Variance of Gaussian linear combination I have two independent gaussian distributions to combine and I have a doubt.
Let's say we have $X \sim N(\mu_x,\sigma^2_x)$ and $Y \sim N(\mu_y,\sigma^2_y)$. I want to mix the two variables with a 0.5 weight each, so I obtain a new variable $Z=0.5*X+0.5*Y$ with mean $\mu_z=0.5*\mu_x+0.5*\mu_y$.
Is it right to say that $\sigma^2_z=0.5^2*\sigma^2_x+0.5^2*\sigma^2_y$?
Because I clearly obtain less variance than intuitively expected when combining distributions.
 A: This answer should be viewed as being a compilation of comments which resulted in the OP's confusion being resolved, and is not intended as being the most general or rigorous statement on the subject. Its goal is to aid interpretation.

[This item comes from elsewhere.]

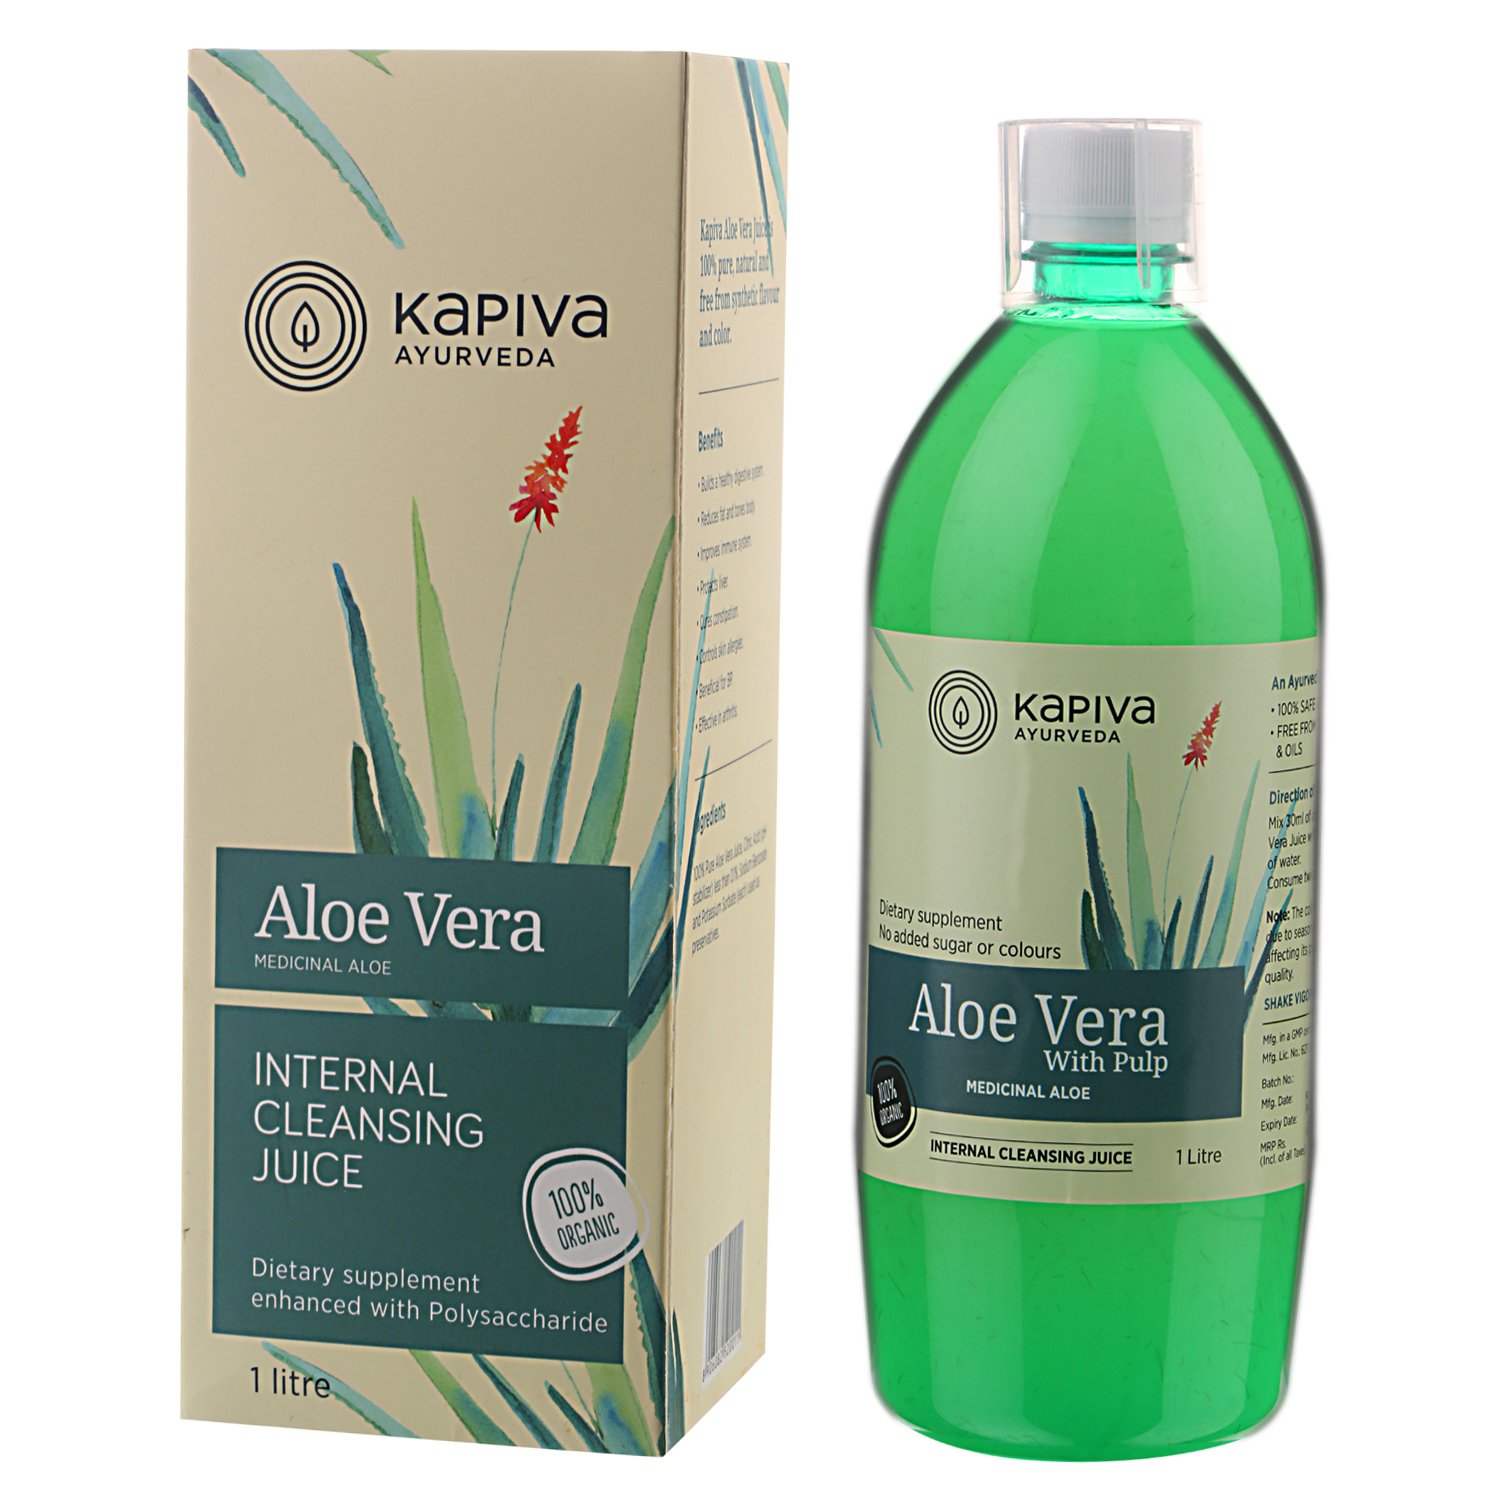 Buy Kapiva Aloe Vera Juice at Best Price Online

Jeremias K's answer shows the formula for the variance of a weighted sum of random variables.  In particular, taking the special case of all weights being $1/n$ for a weighted sum of n independent random variables, the variance of the weighted sum equals $1/n^2$ times the sum of the variances of the individual random variables.  If the random variables are also identically distributed, then the variance of the weighted sum equals $1/n$ times the variance of an individual random variable.

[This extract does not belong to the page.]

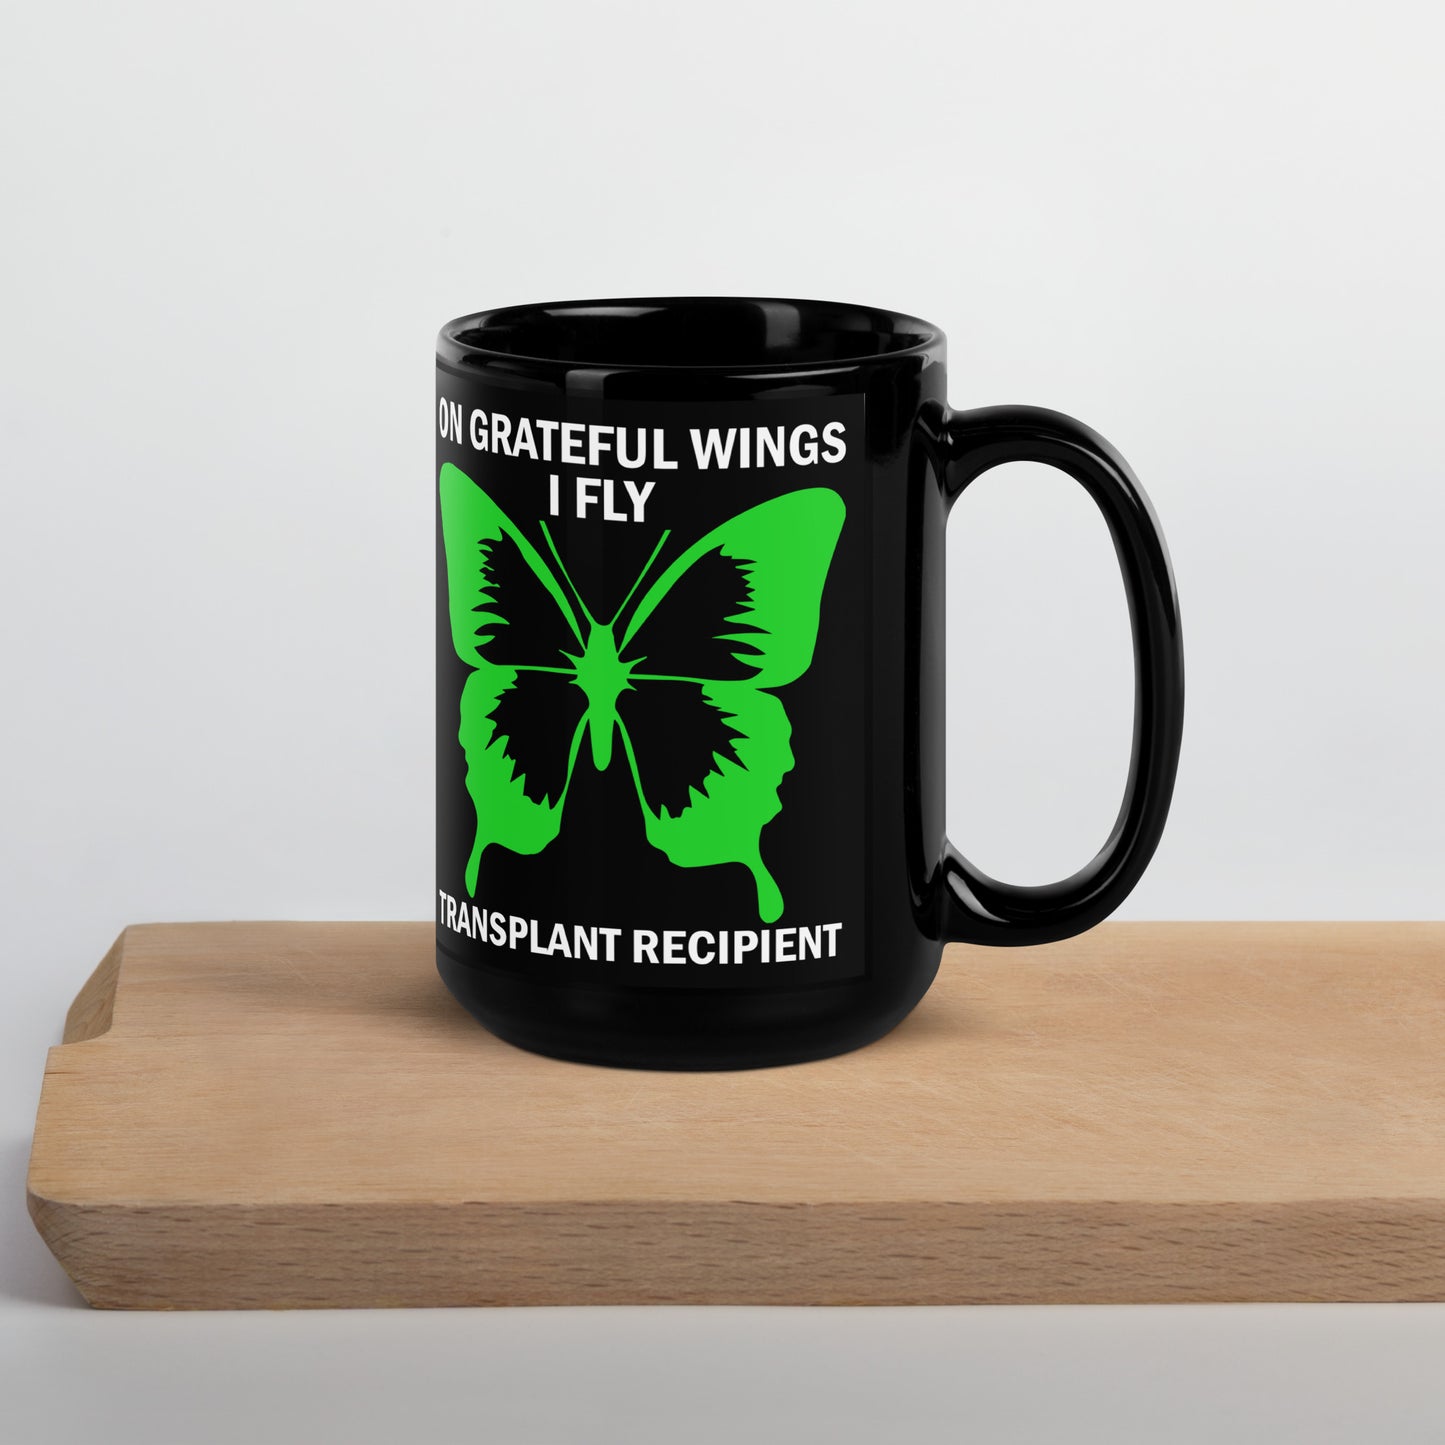 On Grateful Wings I Fly Kidney Recipient Ceramic Coffee Mug

As you take the average of more and more i.i.d. (Gaussian) random variables, the variance of that average will decrease, as seen from the preceding formulation, which is a result which should be quite familiar.  Why does the variance of that average decrease vs. an individual random variable? Well, taking the case of 2 independent random variables, an extreme value in one variable tends not to be matched with a similar direction extreme value in the other variable, hence making the average less extreme than the individual random variables, hence the decreased variance. The magnitude of this effect increases as the number of random variables being averaged increases.
A: If $X$ and $Y$ are independent, $Cov(X,Y) = 0$. Since also, $Var(aX+bY) = a^2Var(X) + b^2Var(Y) + 2abCov(X,Y)$, it is in fact right to calculate the variance as you did.
I am not sure I can give an answer to the part of your question about intuition. I cannot really follow your intuition as to why the variance from the combination should be larger. Can you elaborate?